From the Guidelines
Therapeutic heparin should be delayed for at least 14 days after a large stroke, as defined by a National Institutes of Health Stroke Scale (NIHSS) score > 15 or lesions involving complete arterial territory or > 1 arterial territory, due to the increased risk of hemorrhagic transformation. The correlation between the size of thrombotic or embolic strokes and the risk of hemorrhagic transformation when therapeutic heparin is administered early is well-established, with larger strokes carrying significantly higher risks of bleeding complications 1. The mechanism behind this correlation involves the extent of endothelial damage and blood-brain barrier disruption, which are proportional to infarct size. Additionally, mass effect from larger strokes can cause increased local pressure, further compromising vascular integrity.
Key Considerations
- The risk of recurrent ischemic stroke is high in the first 14 days after a stroke, but the risk of symptomatic hemorrhagic transformation is also substantial, ranging from 6% to 21% in patients receiving thrombolytics 1.
- Anticoagulation reduces the risk of recurrent ischemic stroke but increases the risk of cerebral hemorrhage during the acute post-stroke phase.
- Patients with early signs of hemorrhage on neuroimaging are at highest risk of further intracerebral bleeding and should delay initiation of oral anticoagulation to allow healing of the blood–brain barrier.
Recommendations
- For smaller strokes, therapeutic anticoagulation with heparin may be considered earlier, sometimes within 24 hours, if the clinical need is pressing (such as with high-risk cardioembolic sources) 1.
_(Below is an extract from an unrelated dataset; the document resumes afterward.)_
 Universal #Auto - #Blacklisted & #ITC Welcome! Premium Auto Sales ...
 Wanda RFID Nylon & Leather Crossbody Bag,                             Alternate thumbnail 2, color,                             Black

- Before initiating therapeutic heparin, a follow-up CT scan should be performed to exclude any early hemorrhagic transformation that may have occurred spontaneously.
- The dosage of heparin should be carefully adjusted based on the patient's condition and the results of regular monitoring of activated partial thromboplastin time.
Clinical Implications
- The decision to initiate therapeutic heparin should be made on a case-by-case basis, taking into account the individual patient's risk factors and clinical presentation.
- Close monitoring of the patient's condition and regular follow-up imaging studies are essential to minimize the risk of hemorrhagic transformation and other complications.
From the FDA Drug Label
Warnings Hemorrhage Hemorrhage can occur at virtually any site in patients receiving heparin An unexplained fall in hematocrit, fall in blood pressure or any other unexplained symptom should lead to serious consideration of a hemorrhagic event.
The FDA drug label does not answer the question.
From the Research
Correlation with Size of Thrombotic or Embolic Stroke
- The size of the thrombotic or embolic stroke may influence the risk of haemorrhagic transformation when given therapeutic heparin within a certain time frame 2, 3, 4.
- A study found that patients with CT-visible evidence of recent cerebral ischaemia were at increased risk of thrombotic events 2.
- Another study suggested that the size of the infarct may be a factor in the risk of haemorrhagic transformation, with larger infarcts potentially being at higher risk 4.
Risk of Haemorrhagic Transformation
- The risk of haemorrhagic transformation may be influenced by the timing of anticoagulation therapy, with some studies suggesting that earlier initiation of anticoagulation may not necessarily reduce the risk of haemorrhagic transformation 3, 5.
- A study found that subcutaneous heparin at a prophylactic dose may reduce the risk of haemorrhagic transformation in acute ischemic stroke patients with a cerebral lesion diameter ≥ 3 cm 4.
- Another study found that low molecular weight heparin was associated with an increased risk of symptomatic intracranial haemorrhage, particularly in patients treated within 24 hours of stroke onset 5.
Therapeutic Heparin and Time Frame
- The optimal time frame for initiating therapeutic heparin in patients with thrombotic or embolic stroke is unclear, with some studies suggesting that earlier initiation may not necessarily improve outcomes 3, 5.
- A study found that patients started on anticoagulation between 4 and 14 days after stroke did not have a lower rate of symptomatic intracranial hemorrhage or recurrent ischemic events compared to those started earlier or later 3.
- Another study suggested that heparin may be beneficial in certain subpopulations of ischemic stroke patients, including those with symptomatic large artery stenosis, non-occlusive intraluminal thrombus, and high-risk cardiac conditions 6.